YOUR INSTRUCTIONS
Transcribe each line of the material as it is, and drop any picture.

INFORMATION SHOWN
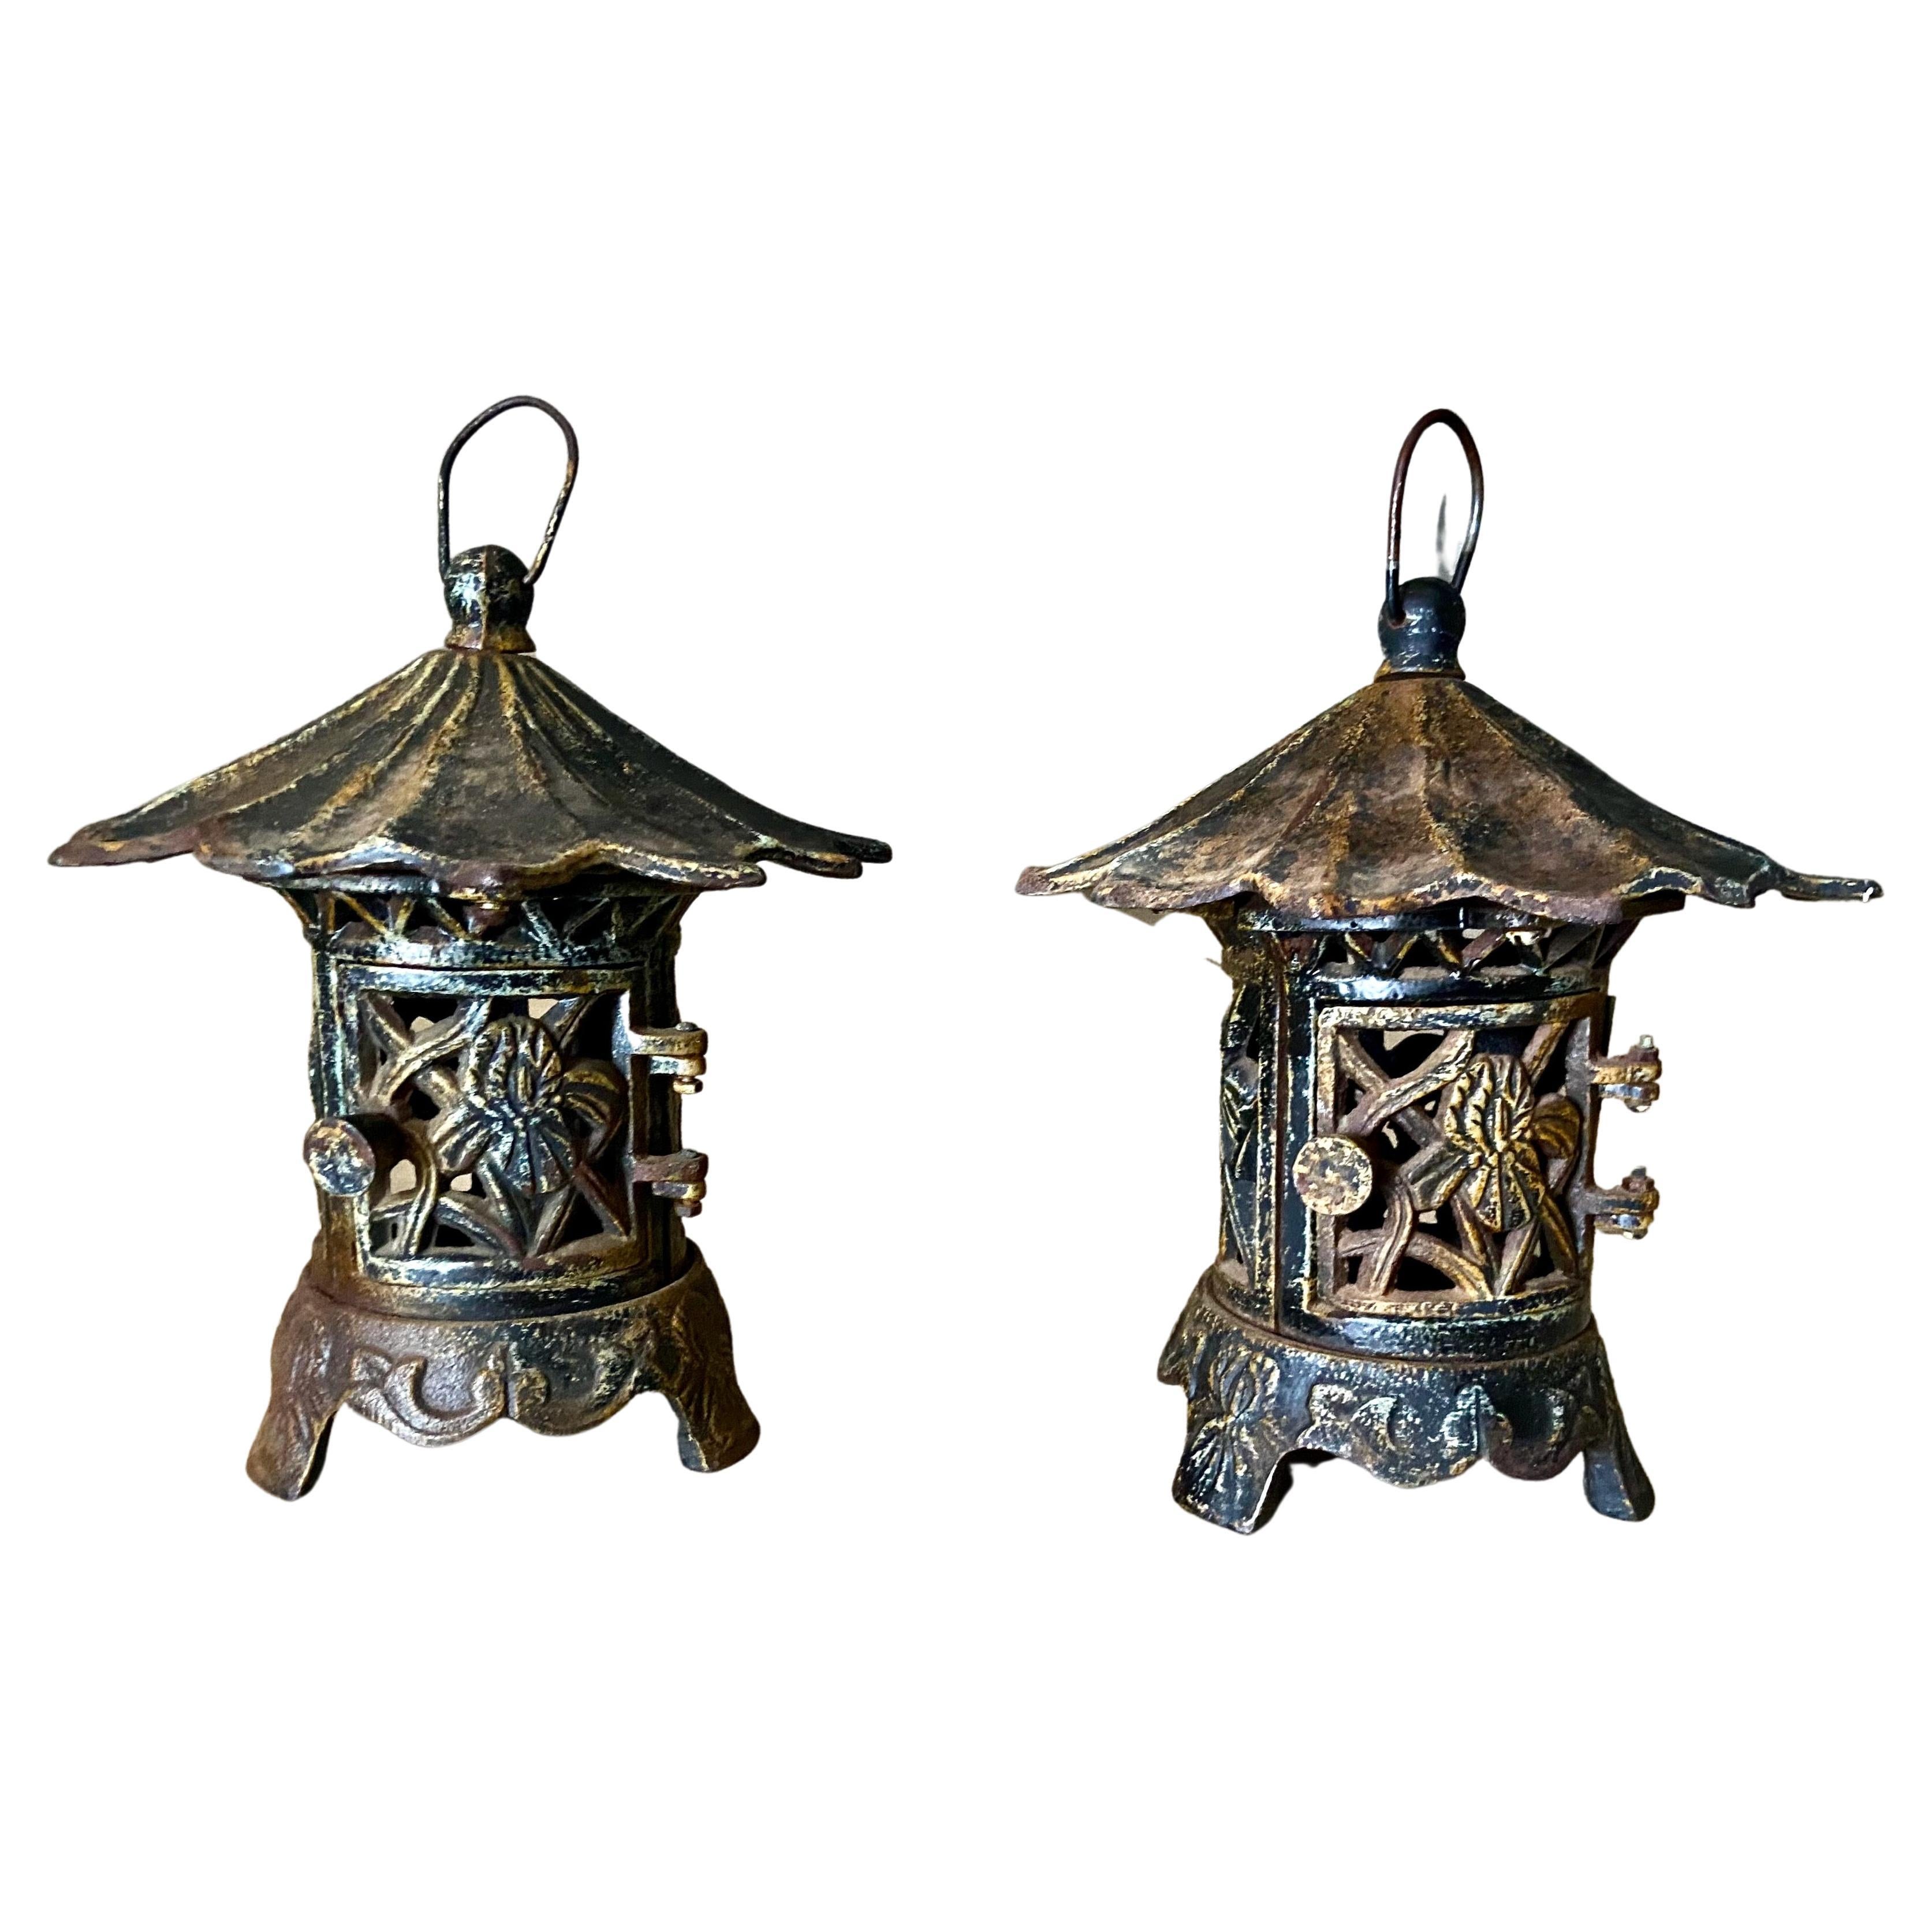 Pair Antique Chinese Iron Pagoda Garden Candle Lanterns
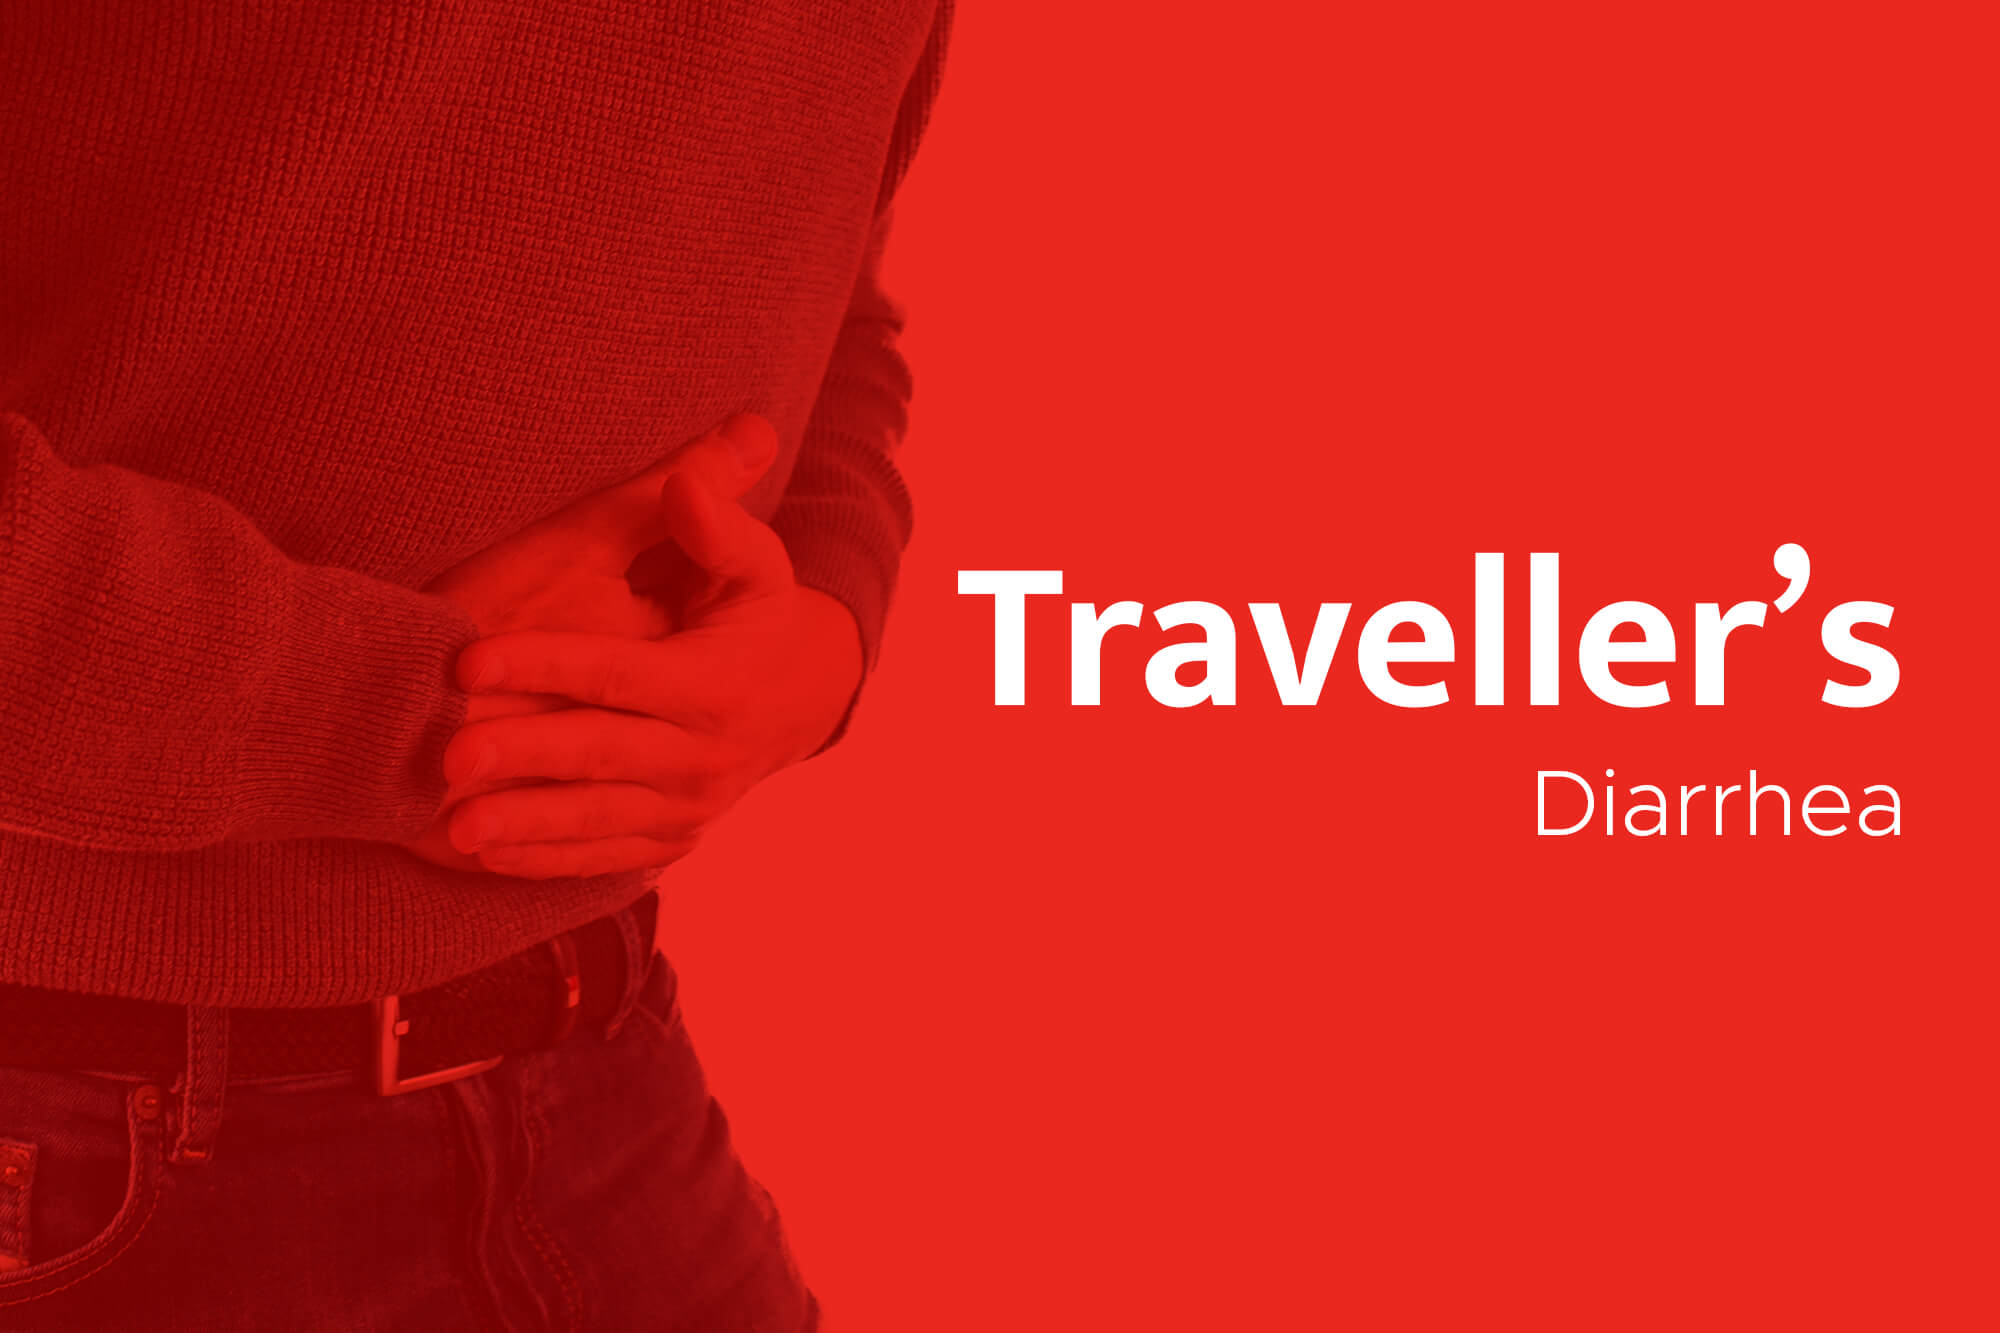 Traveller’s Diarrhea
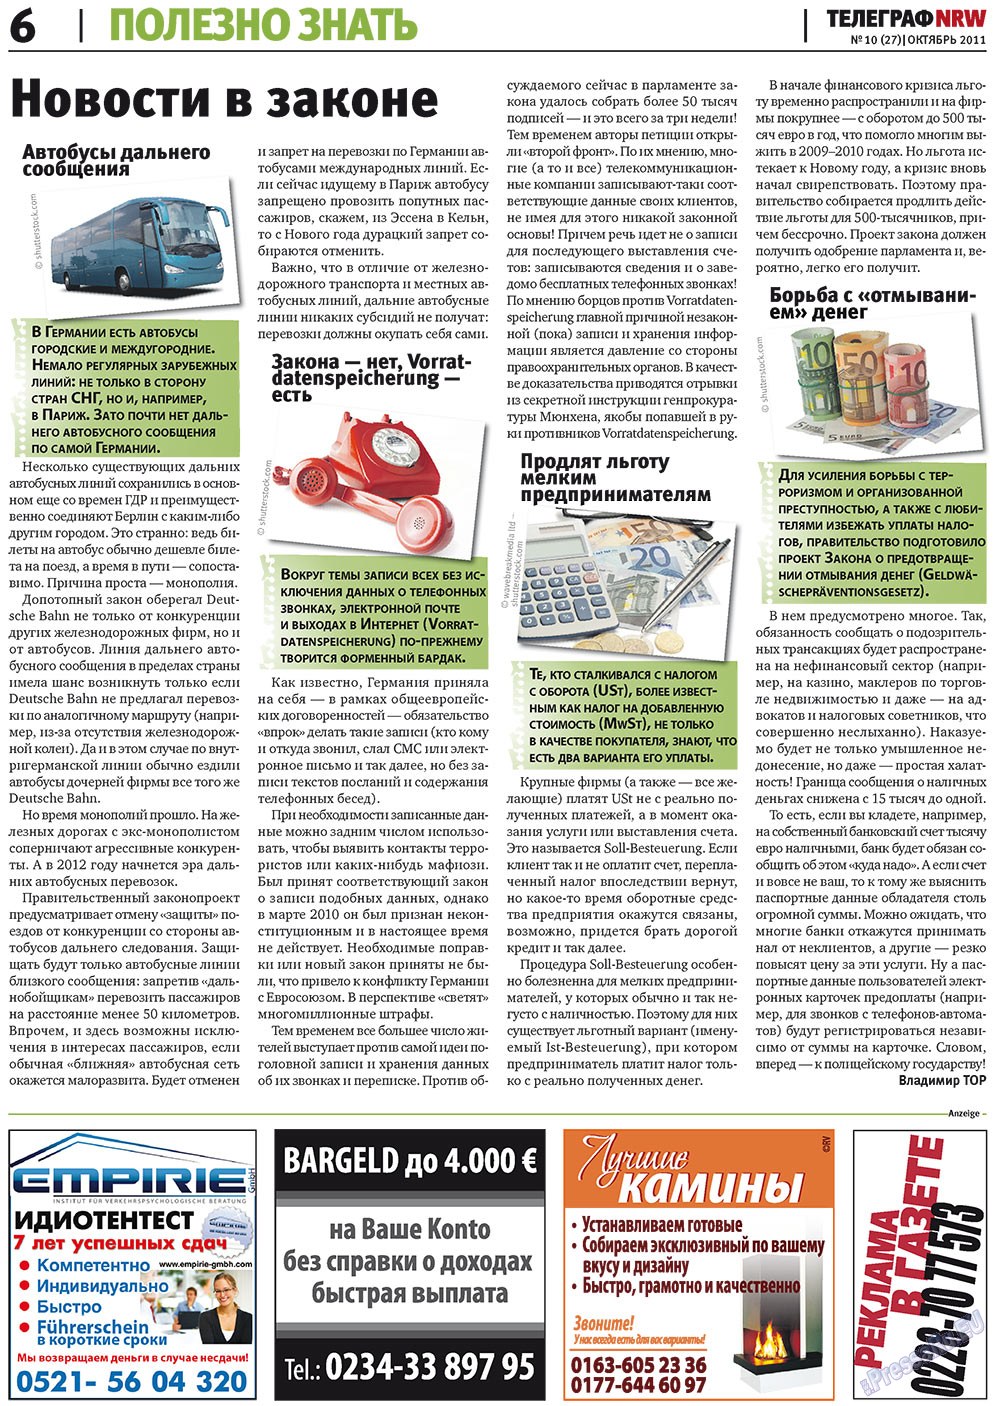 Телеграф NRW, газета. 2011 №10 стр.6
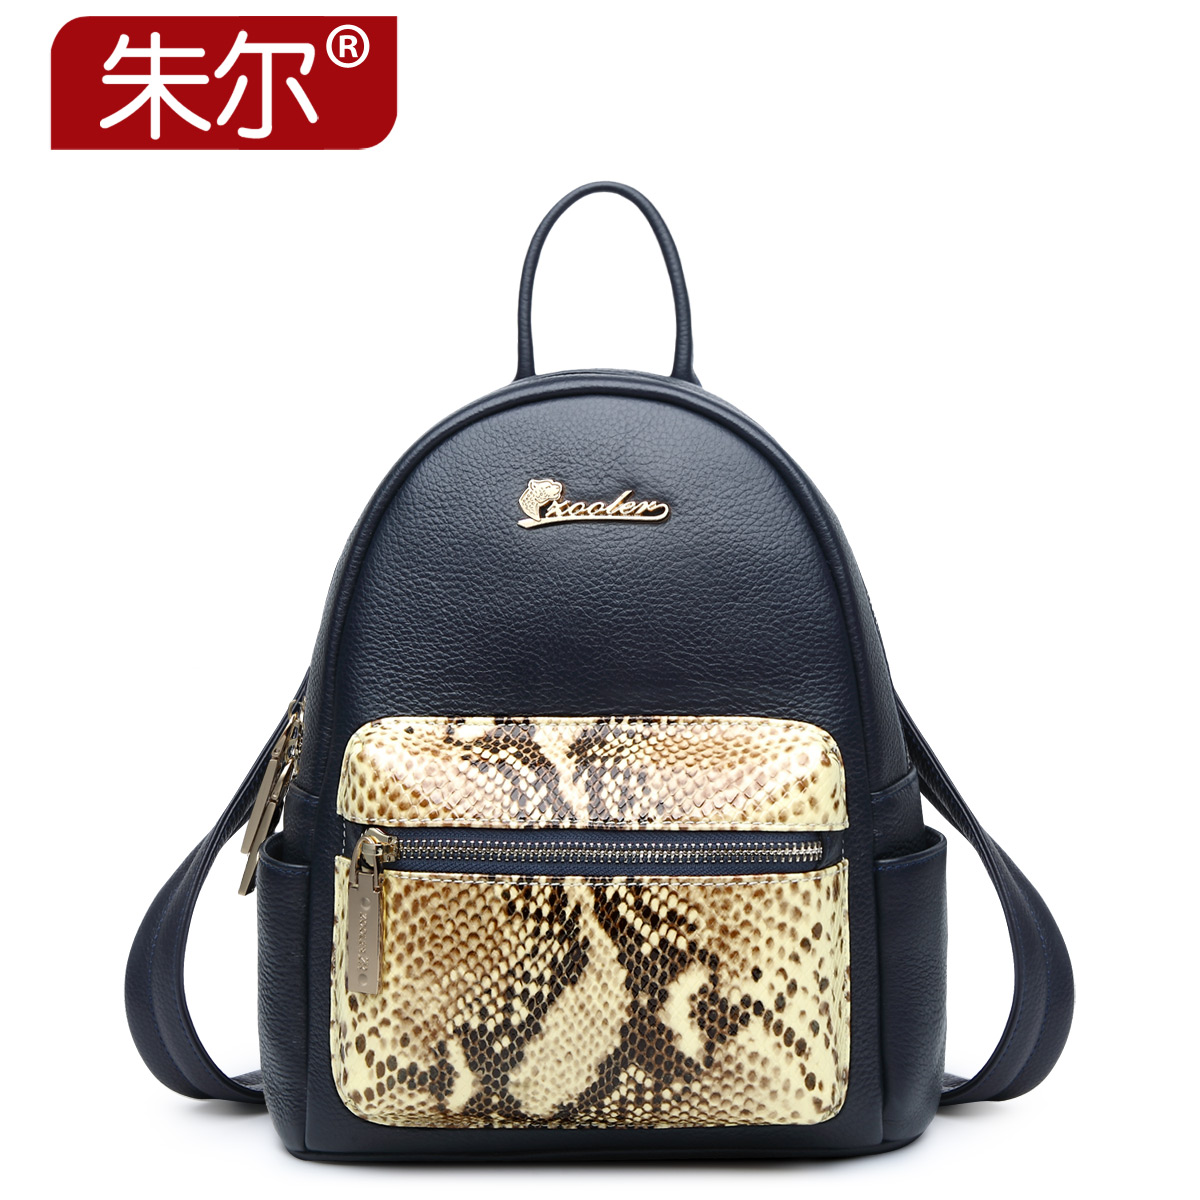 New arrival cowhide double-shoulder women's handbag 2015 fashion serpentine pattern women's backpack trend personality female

REPLY TO THE TASK
 Pair Antique Chinese Iron Pagoda Garden Candle Lanterns
 Traveller’s Diarrhea
 Телеграф NRW, газета. 2011 №10 стр.6
 New arrival cowhide double-shoulder women's handbag 2015 fashion serpentine pattern women's backpack trend personality female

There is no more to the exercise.